Regulatory scrutiny of the US Food and Drug Administration (FDA) for domestic pharmaceutical facilities is expected to remain intense over the medium term, rating agency Crisil said today.
The inspection, along with adherence to current Good Manufacturing Practices (cGMP), is critical because outside US, India has the highest number of pharma manufacturing plants approved by the watchdog, it said in a report here.
A majority of ratings that Crisil has assigned to pharmaceuticals companies have not been affected due to this intense scrutiny of the US regulator.
Crisil has ratings on 283 pharmaceutical companies, 55 per cent of which have international presence. Of this, 10 per cent have faced action from the US FDA or other regulators in the developed markets.

In the past three years alone, 16 Crisil-rated drugmakers have been under scrutiny. This shaved their exports to developed markets and led to a slowdown in revenue growth to low single digits in two years after regulatory action compared with greater than 20 per cent earlier, it said.
However, ratings on more than 80 per cent of them have remained unchanged, Crisil added.

"Companies with multiple plants and sufficient spare capacity have been able to offset revenue loss through site transfers.
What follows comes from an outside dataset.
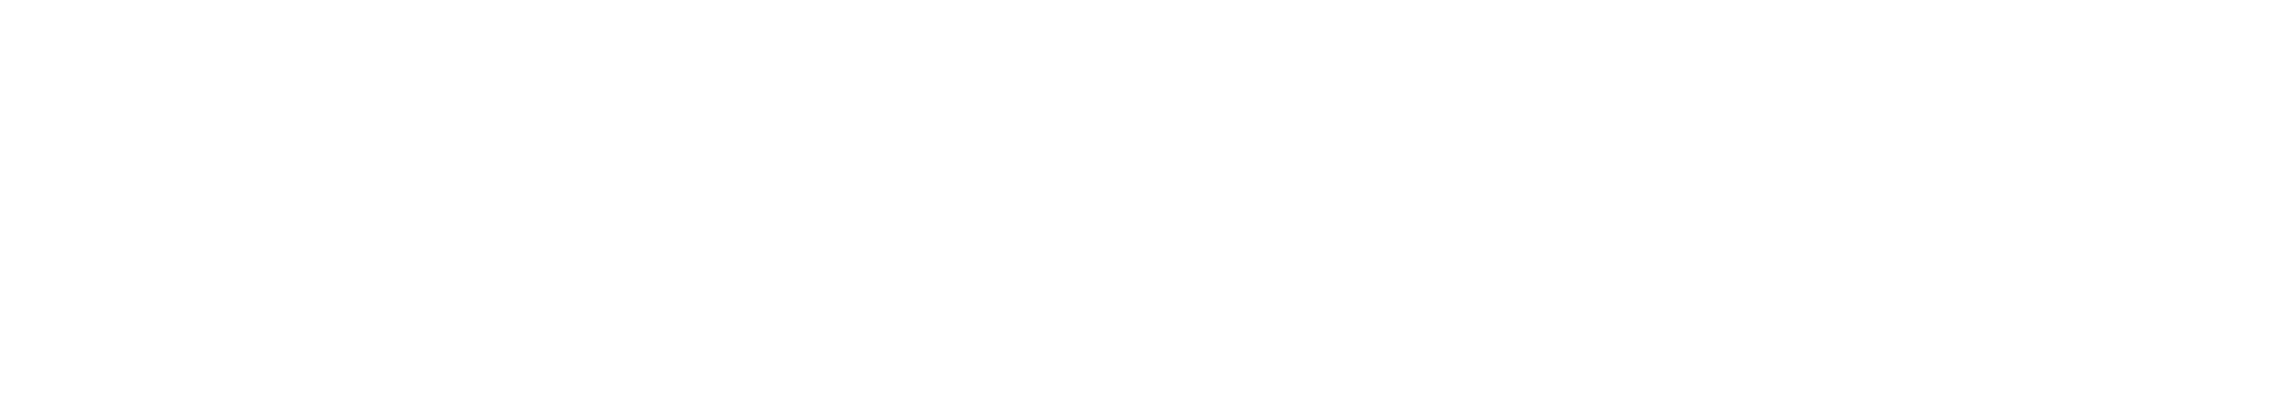 Star Tribune Logo - Police being forced to front lines of growing mental health crisis

Also, a geographically diversified presence and strong financial metrics are helping cushion the impact of the fall in operating profitability because of regulatory action on their credit profiles.

"But manufacturers with high dependence on affected plants have witnessed some pressure on their credit profiles," Crisil Ratings Senior Director Anuj Sethi said.
Since January 2010, there have been 65 regulatory actions -- such as issuance of warning letters and import alerts -- on domestic pharmaceutical plants. Almost 46 per cent of these were of high-intensity, meaning import alerts were issued straightaway, without being preceded by a warning.
Two out of three FDA actions initiated worldwide in 2015 were on Indian drug makers, and in 2016 so far, every third has been against a local firm.
"India's pharmaceutical industry has to strengthen its systems and controls to address regulatory issues effectively. It also needs to enhance its capabilities in managing data, processes and compliance to avert future scrutiny.

"Clearly, the predicament demands intervention by senior management. Undoubtedly, there will be pain to endure in the interim, but we see the heightened regulatory scrutiny strengthening the industry over the long term," Crisil Ratings Director Akshay Chitgopekar said.